One such example is [7], where authors trained a series of logistic regression models on binarized abundances (abundance=0 vs. abundance>0) of the taxa with the response status as dependent variable (also binary). Another example is the application of random forests in [10] to find the factors that influence the shift in gut microbiome. Ultimately, a series of machine learning algorithms has been trained in [12]. The authors implemented random forest, extra trees, SVM, elastic net and k-nearest neighbors.
One crucial part of applying ML in any context is the verification of how well the model performs. This is typically done by splitting the data into train and test sets (also called discovery and validation), where the model trained on the first set makes predictions on the other and its performance is evaluated. This should be repeated multiple times by randomly splitting the data into train and test sets to get a robust estimate of the performance. To some degree, this was done in [10, 12] to compare various models, but is too often skipped in research papers.
Both machine learning and statistical results are largely influenced by the pre-processing of the data. This often prevents us from directly comparing the results presented in various papers. For example, many authors use MetaPhlAn2 to perform taxonomic profiling [3, 6, 9, 10], but the software options may differ from publication to publication. Hence, some systematic deviations are to be expected. Furthermore, in [10] a competing pipeline – MetaOMineR was used as well. Secondly, the authors tend to remove infrequent features (taxa, OTUs, pathways etc). The notion of “infrequency” is fuzzy though: some researchers are more liberal and retain variables present in as little as 10% of samples [4], whereas others are much more strict and postulate 25% of presence [6, 7].

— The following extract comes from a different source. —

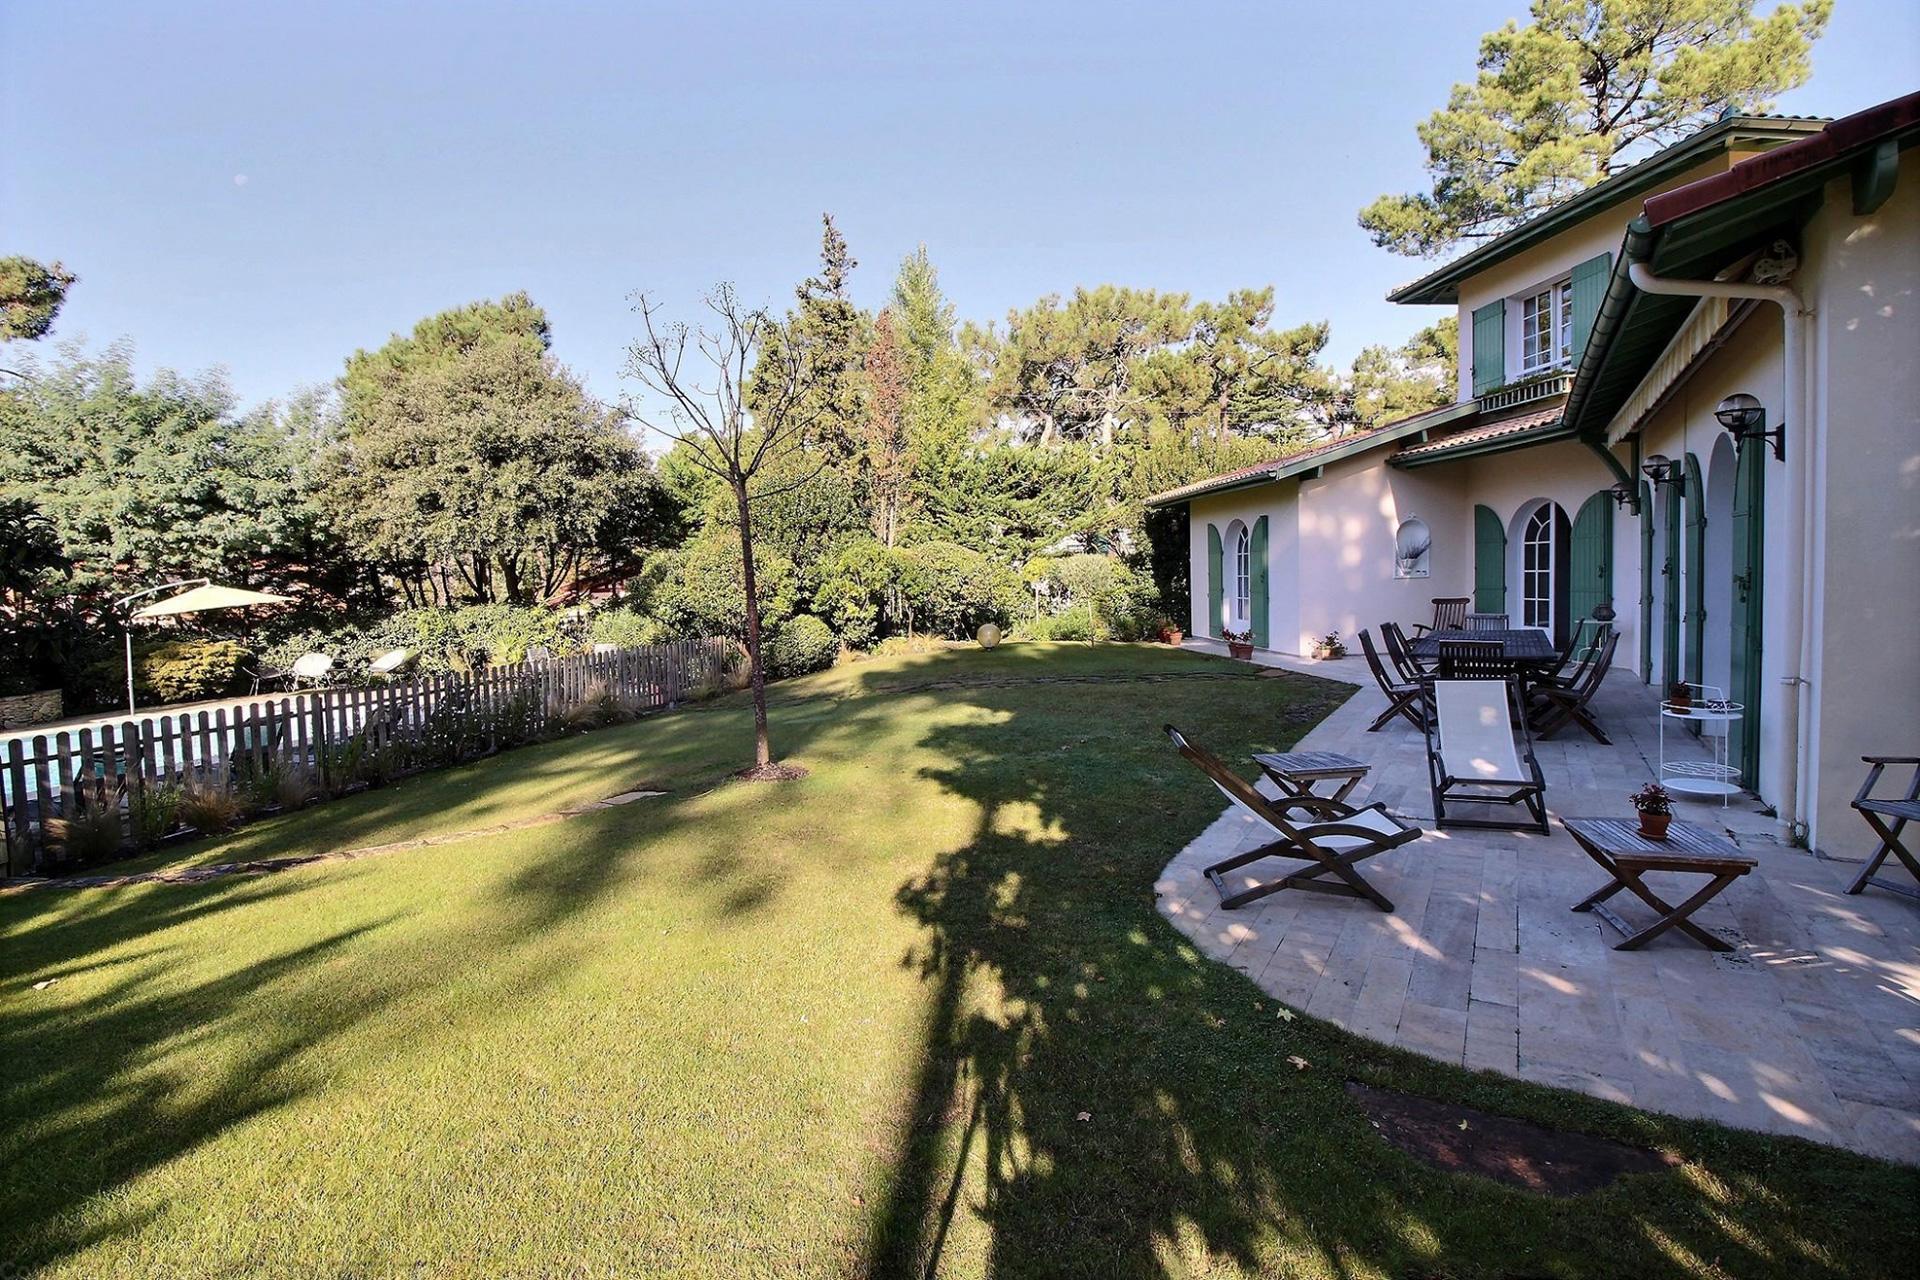 Location villa arcachon le moulleau 5 chambres 12 personnes avec piscine chauff e coldwell for Le jardin moulleau

The addition of synthetic features is also used to improve analysis. The most common of these is sample diversity (the alpha- or beta-diversities). However, even though these are commonly used, there is no consistency between researchers on what exactly should be calculated. To take alpha diversity as an example, some authors prefer Shannon diversity [7, 10, 11], while others choose its inverse [5, 12] and some choose simple richness [6, 8, 9, 10], or Simpson diversity [10].
The field of microbiome research is only just starting to apply even the basic ML methods. Many works stop at calculating p-values and skip the weaker signals that may shed more light on the fuller biological picture that the data hides. These intricacies may be unraveled by re-analyzing the data with the skillful use of a more robust approach. This in turn may lead to a better understanding of therapies’ modes of action or the discovery of new biomarkers, and possibly even microbiome-related drugs supporting the therapy itself. That is why, we at Ardigen believe that applying ML to microbial data will increase the quality of the research and lead to breakthrough discoveries.